#### [Description of the task]
Please set down, unchanged, each line from the one with "Italy, circa 1780-1800. Good condition." to the final line of the data below, both included. Drop the pictures.

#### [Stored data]
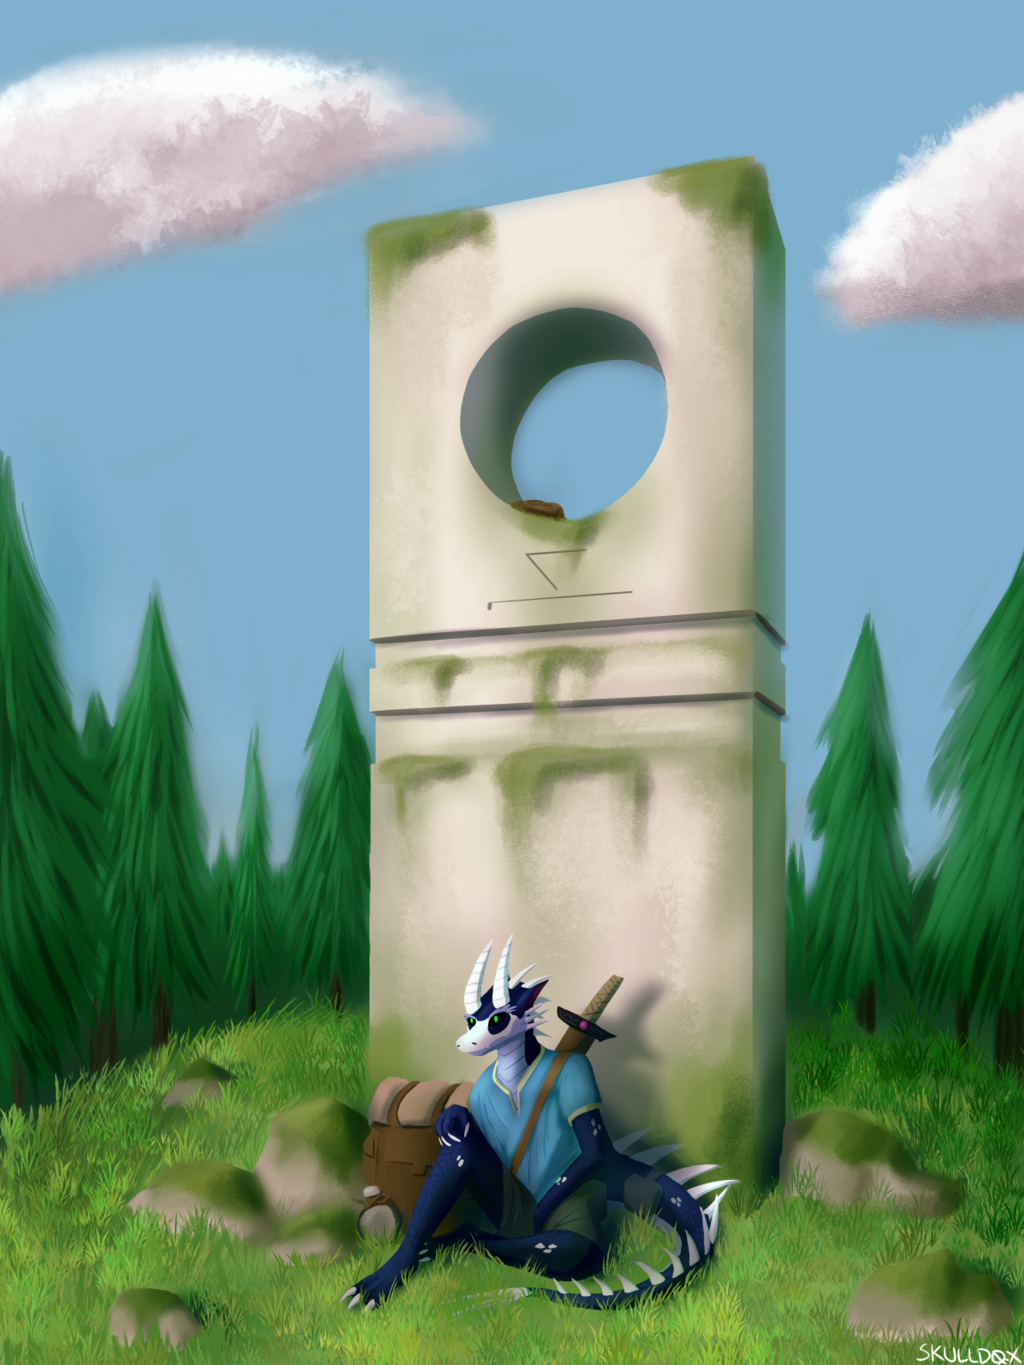 Resting by the Monolith
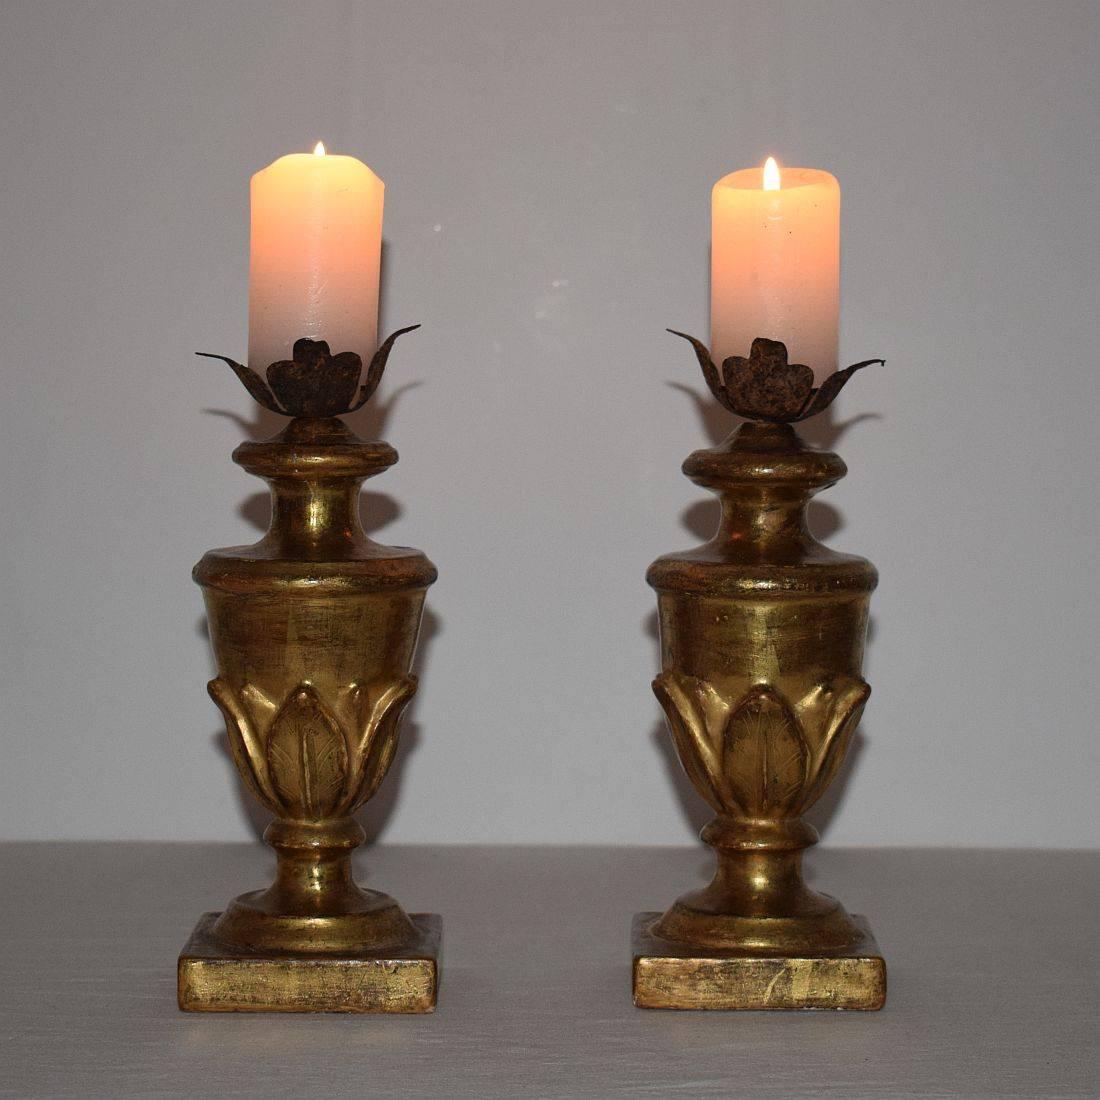 Great pair of small gilded candleholders with their original gilding
Italy, circa 1780-1800. Good condition.
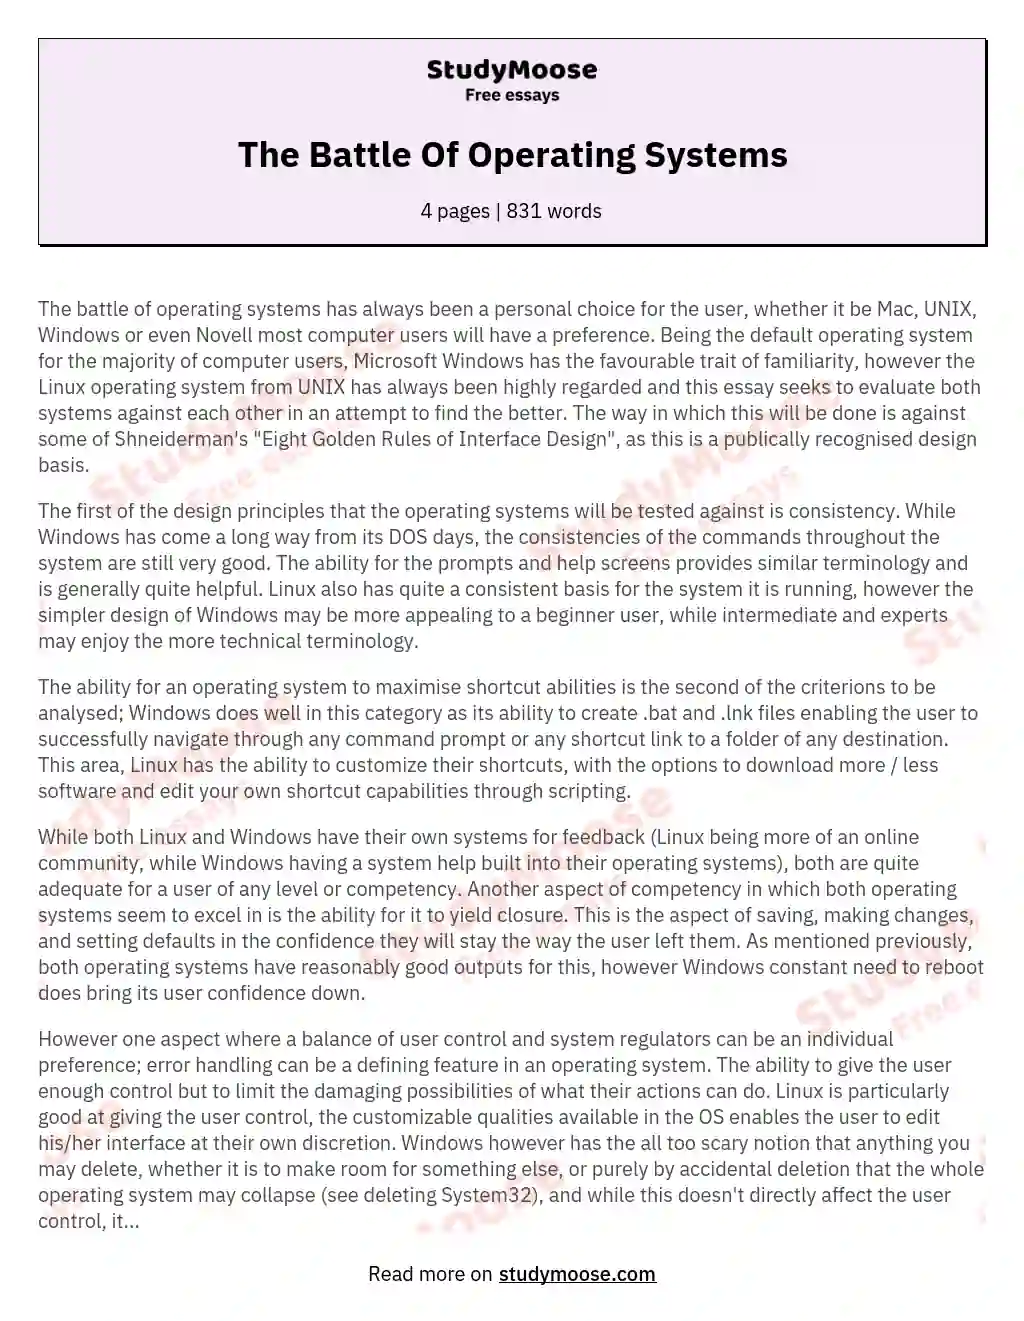 The Battle Of Operating Systems essay
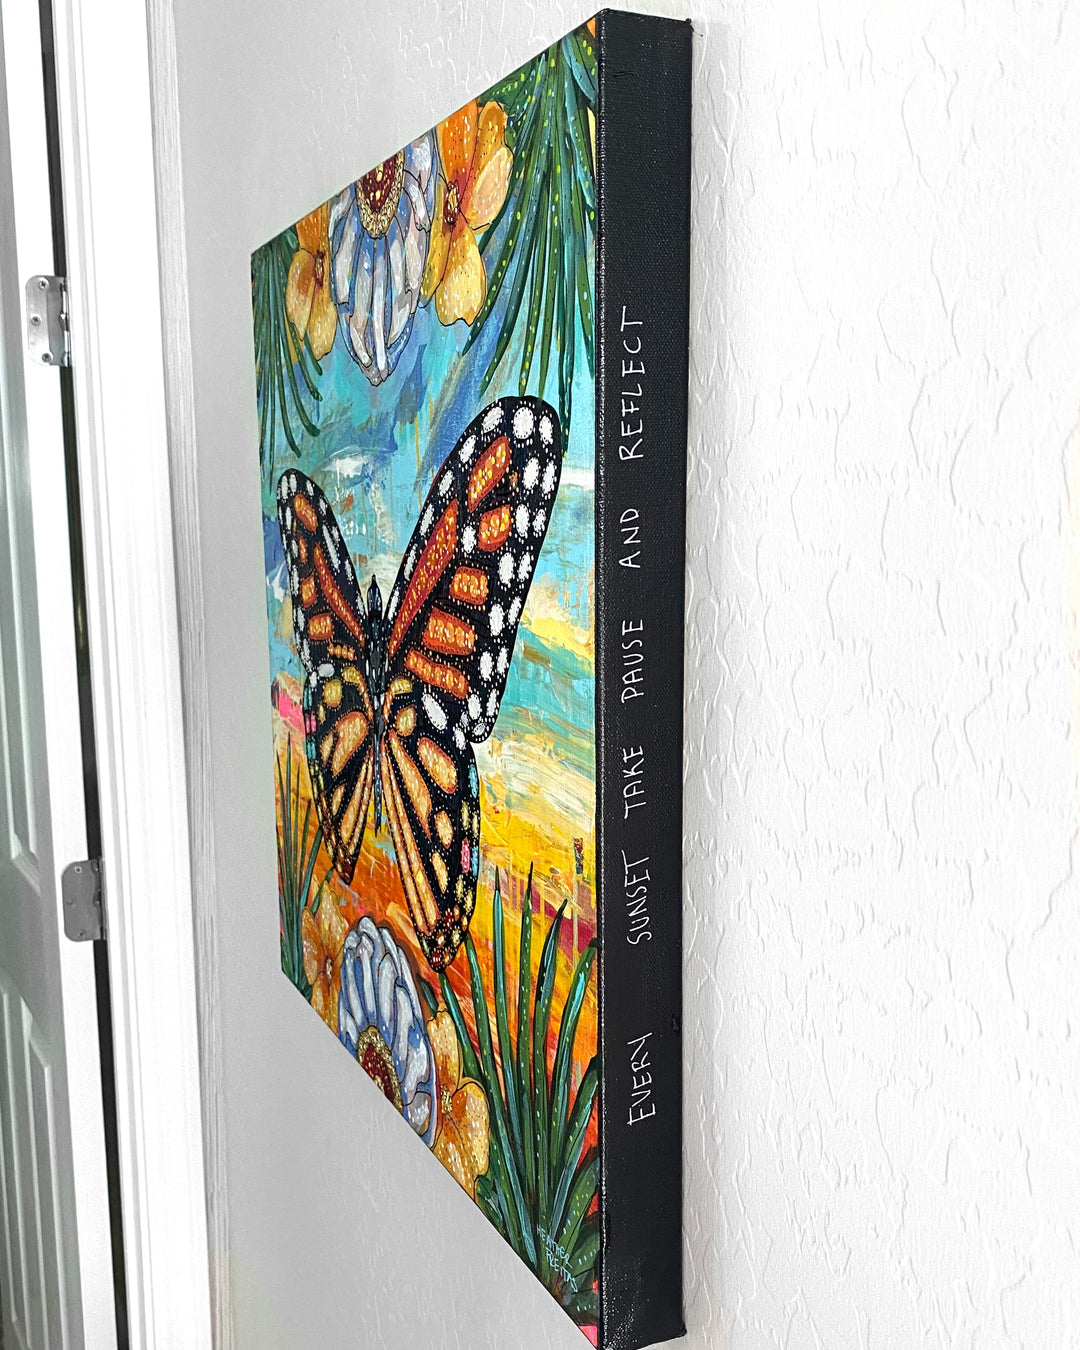 Tropical Monarch Bloom Butterfly - Heather Freitas

#### [Finished exercise]
Italy, circa 1780-1800. Good condition.
 The Battle Of Operating Systems essay
 Tropical Monarch Bloom Butterfly - Heather Freitas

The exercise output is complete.